Dal metal alla Disney: intervista a Paolo Ribaldini

La voce di un musicista italiano nel doppiaggio finlandese dell'ultimo film Pixar

Paolo Ribaldini dovrebbe essere noto ai lettori de La Rondine, lo intervistammo anni fa quando partecipò all’edizione finlandese di The Voice. Alla sua carriera di cantante, insegnante e violinista si è aggiunta un’esperienza inusuale: ha partecipato al doppiaggio in finlandese dell’ultimo cartone animato della Pixar: Luca.

Il film è una storia di amicizia, narra delle avventure estive di un ragazzo e i suoi nuovi compagni nel borgo di Portorosso, una versione fantastica delle Cinque Terre ricostruita con la solita attenzione ai dettagli e ironia tipici della Pixar, che di sicuro farà venire nostalgia a tanti italiani all’estero. Luca sta raccogliendo recensioni positive e persino paragoni con le opere di Hayao Miyazaki e lo Studio Ghibli.

Il film, disponibile sulla piattaforma streaming Disney+, è il primo lungometraggio Pixar diretto da un italiano: Enrico Casarosa.

Abbiamo fatto una chiaccherata con Paolo per saperne di più di questa esperienza.

Foto Disney

Ciao Paolo come va? Parlarci un po’ dei tuoi progetti musicali / lavorativi in generale

In generale va bene, anche se un po’ come per tutti questo anno e mezzo è stato più pesante del solito. Nel mio campo, soprattutto, c’è stato un ovvio tracollo sia nei concerti dal vivo che nell’insegnamento privato e pubblico, e non è facile avere aiuti dallo Stato, in parte per la natura complessa ed amministrativamente atipica del nostro lavoro, ed in parte anche per prese di posizione politiche abbastanza discutibili. Anche i miei corsi universitari sulla musica metal sono stati fermati già nel 2020 e non c’è per il momento un orizzonte ben chiaro entro cui potranno ricominciare: tutto dipende da come si evolverà la situazione del Covid. 

Ciò nonostante ci sono stati anche aspetti positivi: con la nostra band finlandese Seraphiel siamo andati molto avanti nella produzione del nostro primo album, e penso che saremo estremamente contenti del risultato finale e di poter suonare le canzoni dal vivo.

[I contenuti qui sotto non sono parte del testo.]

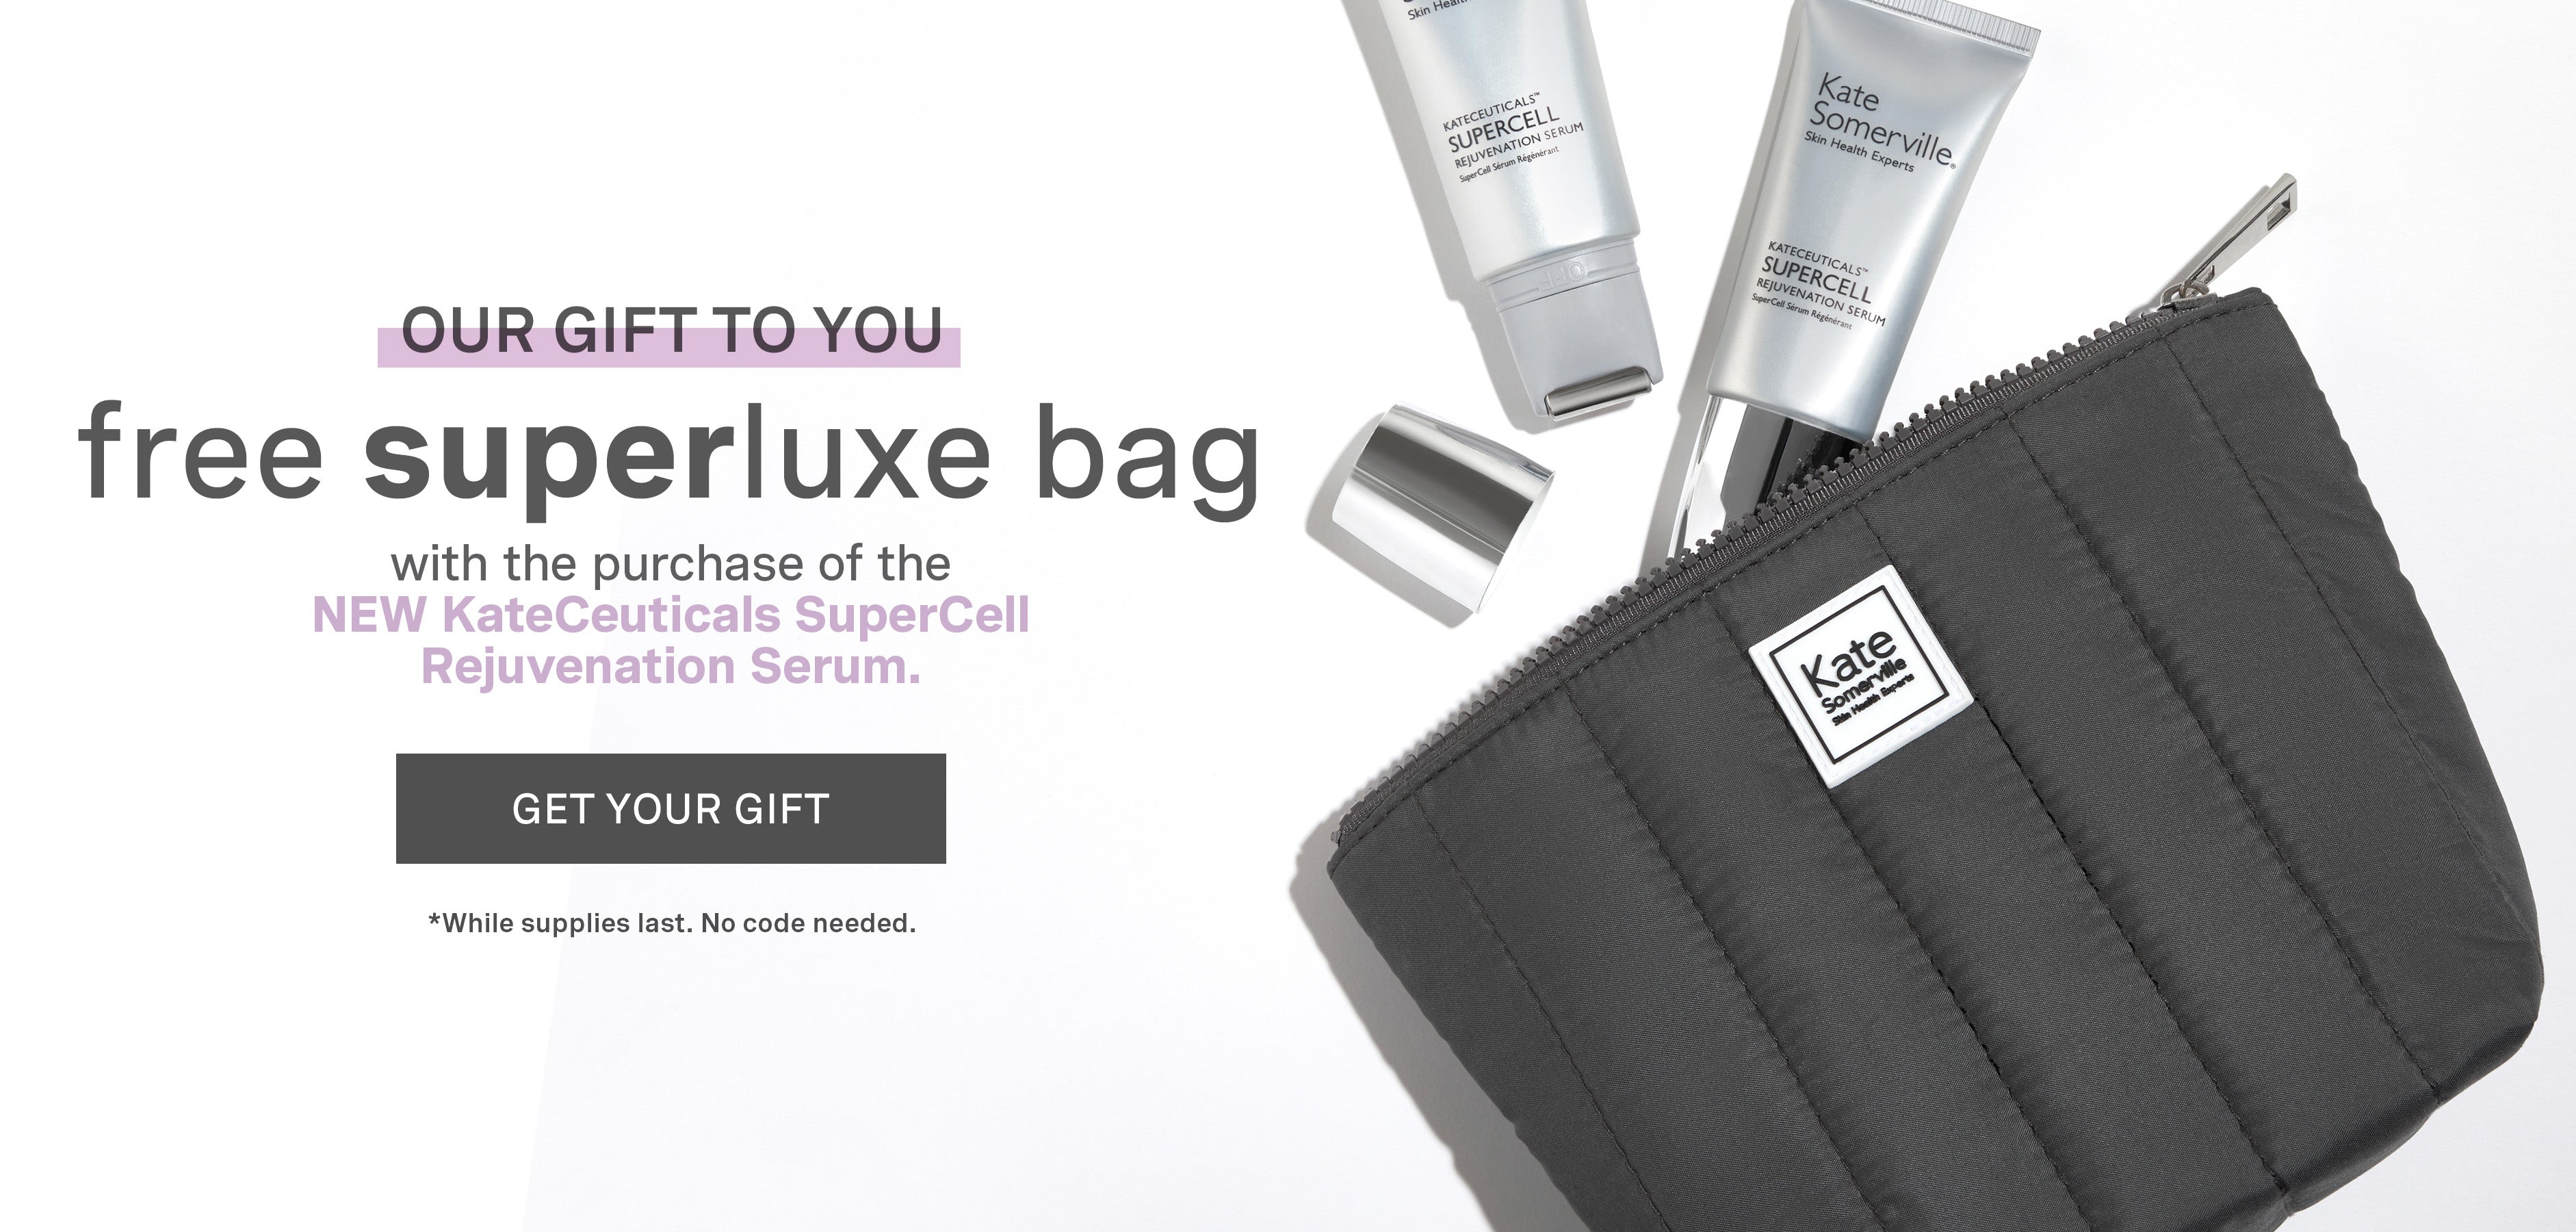 our gift to you. free superluxe bag with the purchase of the new kateceuticals supercell rejuvenation serum. GET YOUR GIFT. *while supplies last. no code needed.

Ho anche accettato l’offerta di unirmi ad una band non finlandese importante, con cui sto lavorando a distanza in vista del prossimo disco. Al momento questa è una situazione più embrionale e non posso sbottonarmi oltre, ma quando sarà il momento rivelerò maggiori dettagli sui miei canali social. 

Come sei finito a fare il doppiatore nella versione finnica di Luca?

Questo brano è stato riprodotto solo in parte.